BACKGROUND: Rates of substance use in rural areas are close to those of urban areas. While recent efforts have emphasized integrated care as a promising model for addressing workforce shortages in providing behavioral health services to those living in medically underserved regions, little is known on how substance use problems are addressed in rural primary care settings. OBJECTIVE: To examine rural–urban variations in screening and monitoring primary care- based patients for substance use problems in a state-wide mental health integration program. DESIGN: This was an observational study using patient registry. SUBJECTS: The study included adult enrollees (n = 15,843) with a mental disorder from 133 participating community health clinics.

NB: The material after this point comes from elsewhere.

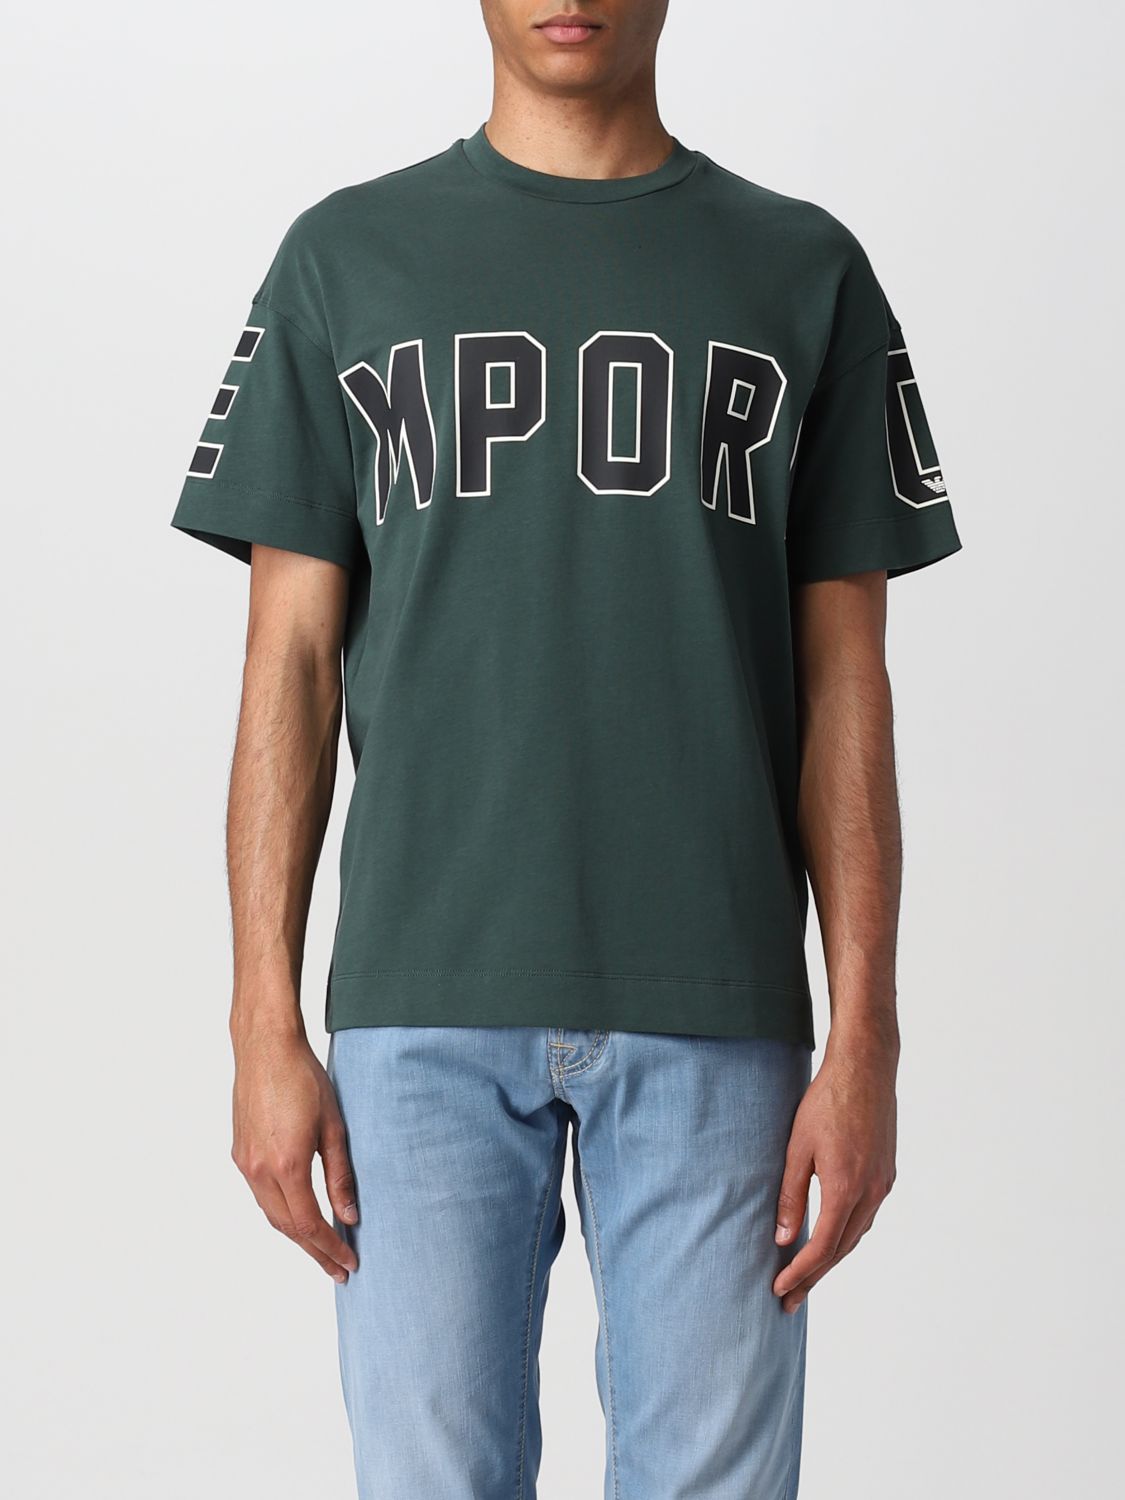 EMPORIO ARMANI: T-shirt with logo - Green | Emporio Armani t-shirt ...

MAIN OUTCOMES: We measured whether a standardized substance use instrument was used to screen patients at treatment entry and to monitor symptoms at follow-up visits. KEY RESULTS: While on average 73.6 % of patients were screened for substance use, follow-up on substance use problems after initial screening was low (41.4 %); clinics in small/isolated rural settings appeared to be the lowest (13.6 %). Patients who were treated for a mental disorder or substance abuse in the past and who showed greater psychiatric complexities were more likely to receive a screening, whereas patients of small, isolated rural clinics and those traveling longer distances to the care facility were least likely to receive follow-up monitoring for their substance use problems. CONCLUSIONS: Despite the prevalent substance misuse among patients with mental disorders, opportunities to screen this high-risk population for substance use and provide a timely follow-up for those identified as at risk remained overlooked in both rural and urban areas. Rural residents continue to bear a disproportionate burden of substance use problems, with rural–urban disparities found to be most salient in providing the continuum of services for patients with substance use problems in primary care.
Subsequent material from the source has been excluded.